Все стало ясно ему — он был идиотом, что не понимал этого. Целый год он покорно мучился, желая ее до боли и желая жалких, невинных мелочей, вроде полномерного поцелуя, возможности трогать ее и чтобы она его трогала. Утешала только надежда на брак. И каких удовольствий она их обоих лишила! Даже если они не могли соединиться до женитьбы, зачем эта извращенная сдержанность, эта мука ограничений? Он терпел, он не жаловался — вежливый дурак. Другой мужчина потребовал бы большего — или ушел бы. И если после года лишений он не удержался и в решительный момент сплоховал, то его вины в этом нет. Вот что. Он не признаёт своего унижения, отвергает его.

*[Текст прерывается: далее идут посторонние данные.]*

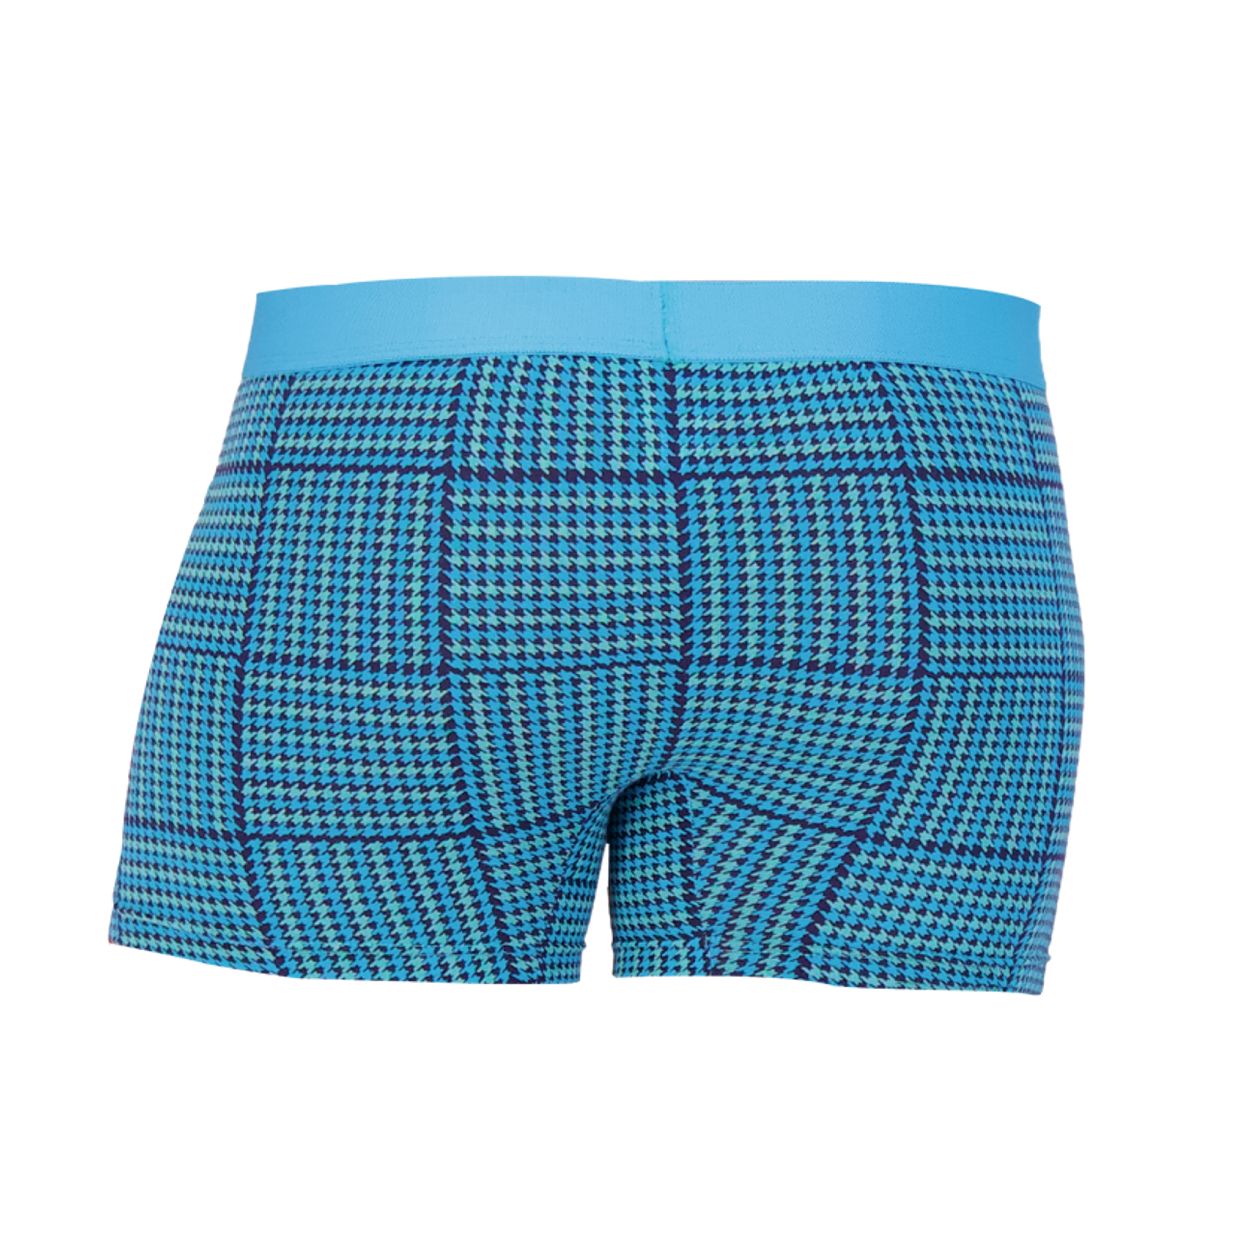 Boxer Brief w/ Fly in Blue Houndstooth by Wood Underwear

Ее разочарованный крик, бегство из комнаты возмутительны, потому что причиной всему — она сама. От этого никуда не денешься: она не любила целоваться, не любила прикосновений, не любила, чтобы их тела были близко, не испытывала к нему интереса. Не чувственная, совершенно лишена желания. Она никогда не почувствует того, что чувствует он. Следующие шаги Эдуард сделал с роковой легкостью: все это она знала — как она могла не знать? — и обманывала его. Муж ей нужен был для респектабельности, или для того, чтобы угодить родителям, или потому, что все выходят замуж. Или думала, что это чудесная игра. Она не любила его, она не способна любить так, как любят мужчины и женщины, она понимала это и скрывала от него. Она нечестная.
Нелегко обдумывать такие жестокие истины в трусах и босиком. Он натянул брюки, нашарил носки и туфли и снова продумал все от начала до конца, убирая шероховатости, затруднительные переходы, вводя связки, и так усовершенствовал свою аргументацию, что гнев разыгрался в нем с новой силой. Он распалил себя, и это было бы бессмысленно, если бы осталось невысказанным. Необходима ясность. Она должна узнать, что он думает и чувствует, — ему необходимо объяснить ей и показать. Он сдернул со стула пиджак и стремительно вышел из номера.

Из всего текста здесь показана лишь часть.